To test the Prometheus alert manager setup, stop NGINX and wait a minute and verify if the alert is fired in the alert manager or Prometheus dashboard.
You'll also get an email about it.
Best Practices for NGINX Monitoring and Alerting
First up, selecting the right metrics for visualization. It's tempting to track everything but that's a recipe for information overload. Focus on metrics that directly impact your users and business.
Some key metrics for NGINX include:
- Request rate.
- Error rate (4xx and 5xx).
- Response time.
- Active connections.
- Traffic (bytes sent/received).
Remember, these might vary depending on your specific use case. A high-traffic e-commerce site might care more about response time, while a content delivery network might focus on traffic metrics.
When it comes to setting alert thresholds, the golden rule is: alert on symptoms, not causes. For example, don't alert on high CPU usage (a cause), alert on slow response times (a symptom). Why? Because high CPU might not always mean trouble, but slow responses always impact your users.
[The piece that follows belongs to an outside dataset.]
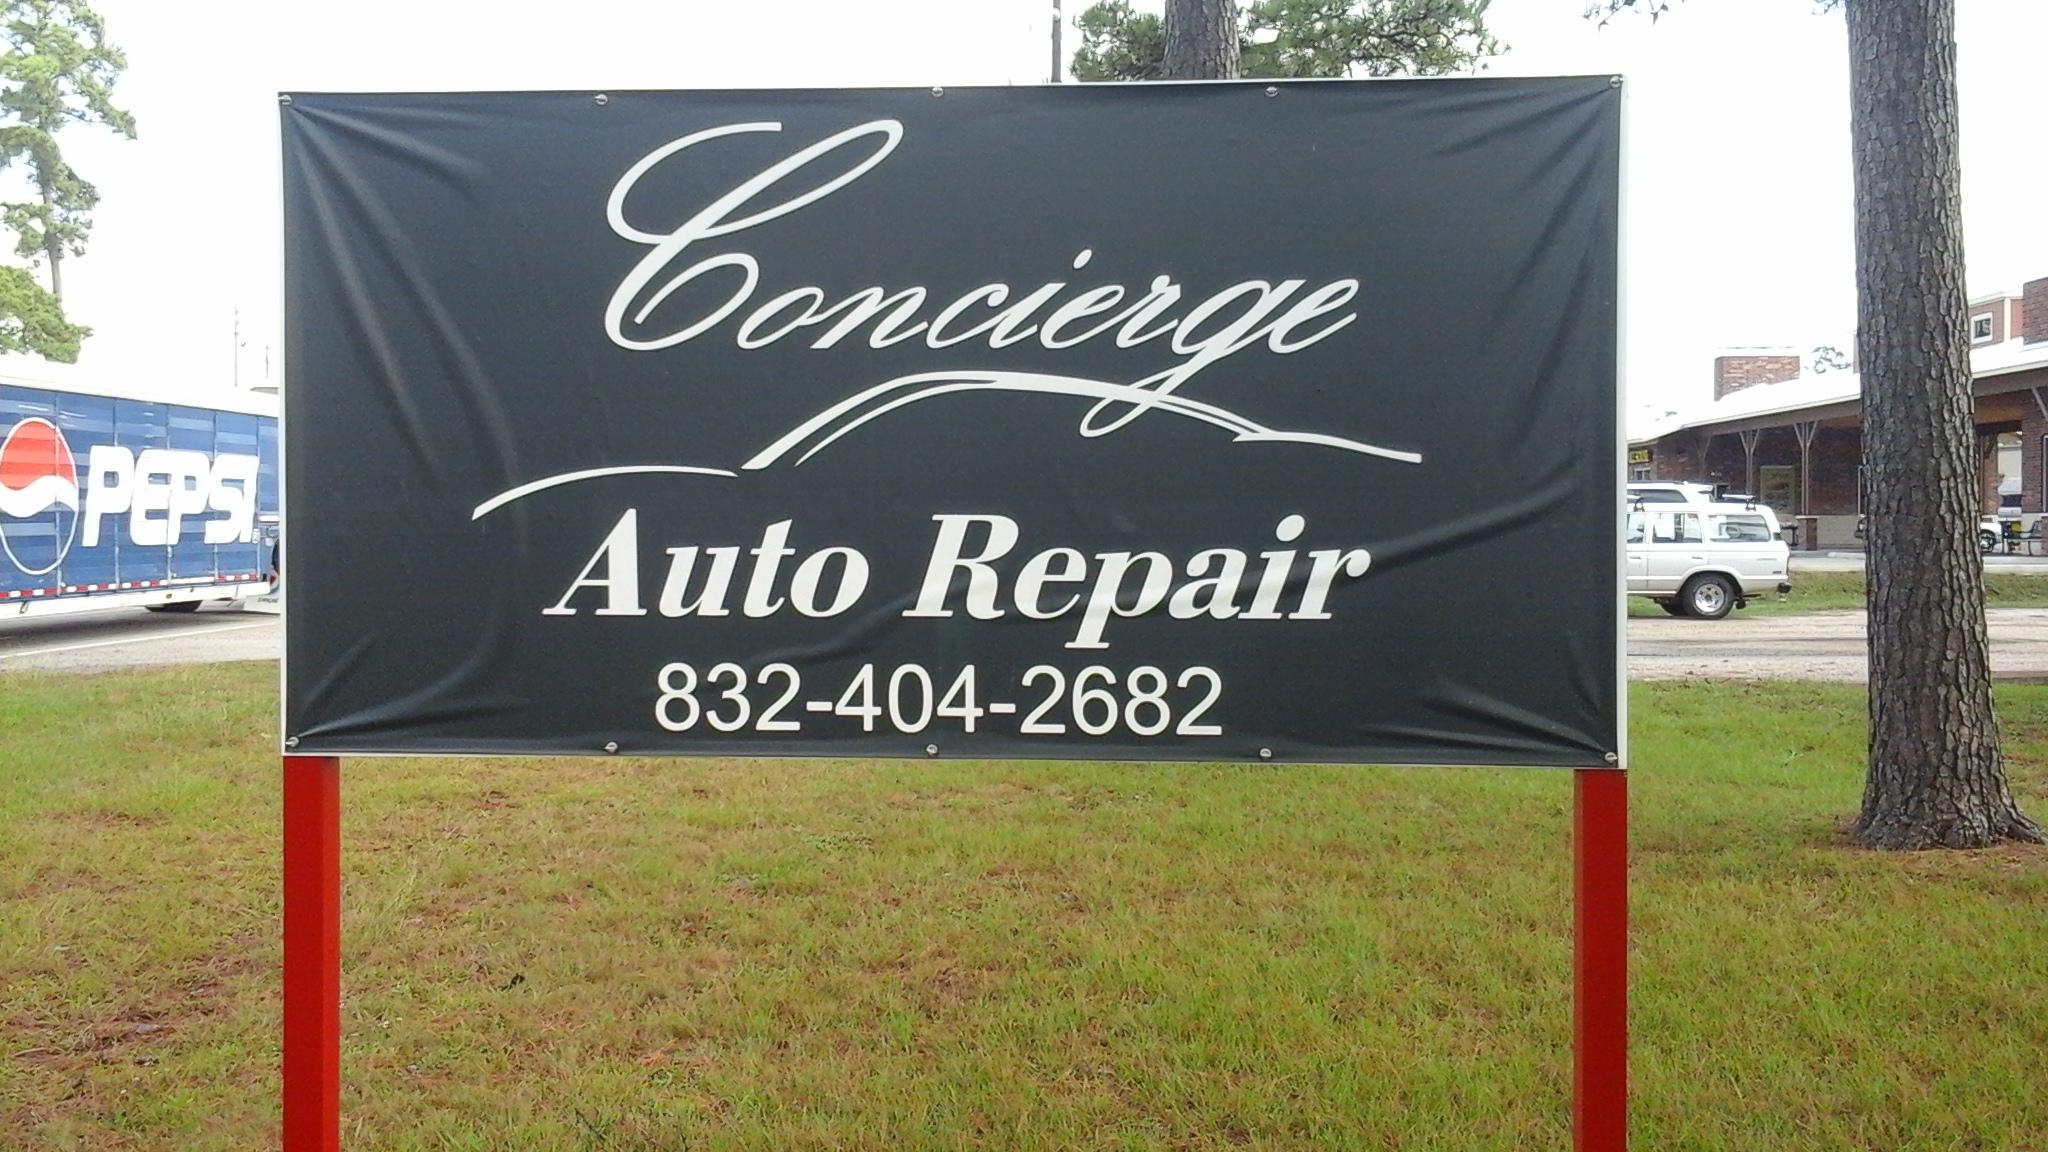 Concierge Auto Repair image 5
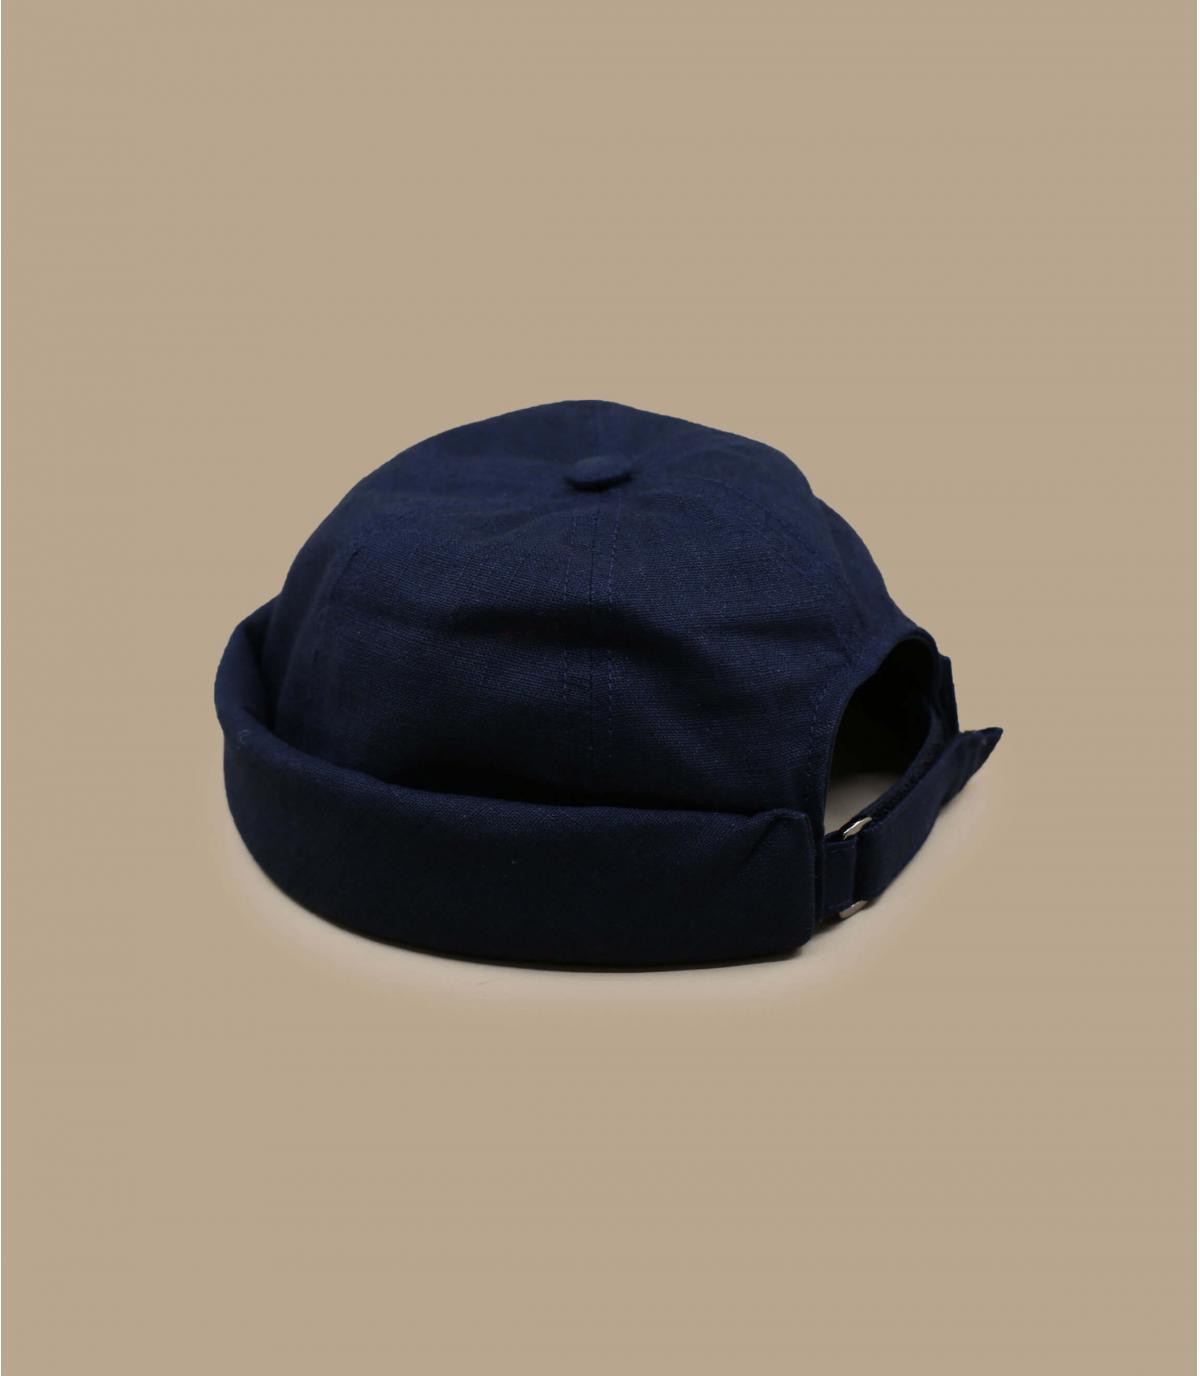 Détails Cooper Linen navy - image 2

Lastly, don't set it and forget it! Your monitoring setup should evolve with your system. Schedule regular reviews of your dashboards and alert rules. Are you missing any important metrics? Are there alerts that never fire (or always fire)? Adjust as needed.
Conclusion
In this article, we have covered steps to set up Prometheus and Grafana to implement monitoring and alerting in NGINX. You can add new ways to visualize NGINX server metrics in Grafana and new alerts that can help you catch issues before they become problems. A proper monitoring and alerting mechanism for the NGINX server will make sure your servers are always up, with a low response time, and alerts are few and far between!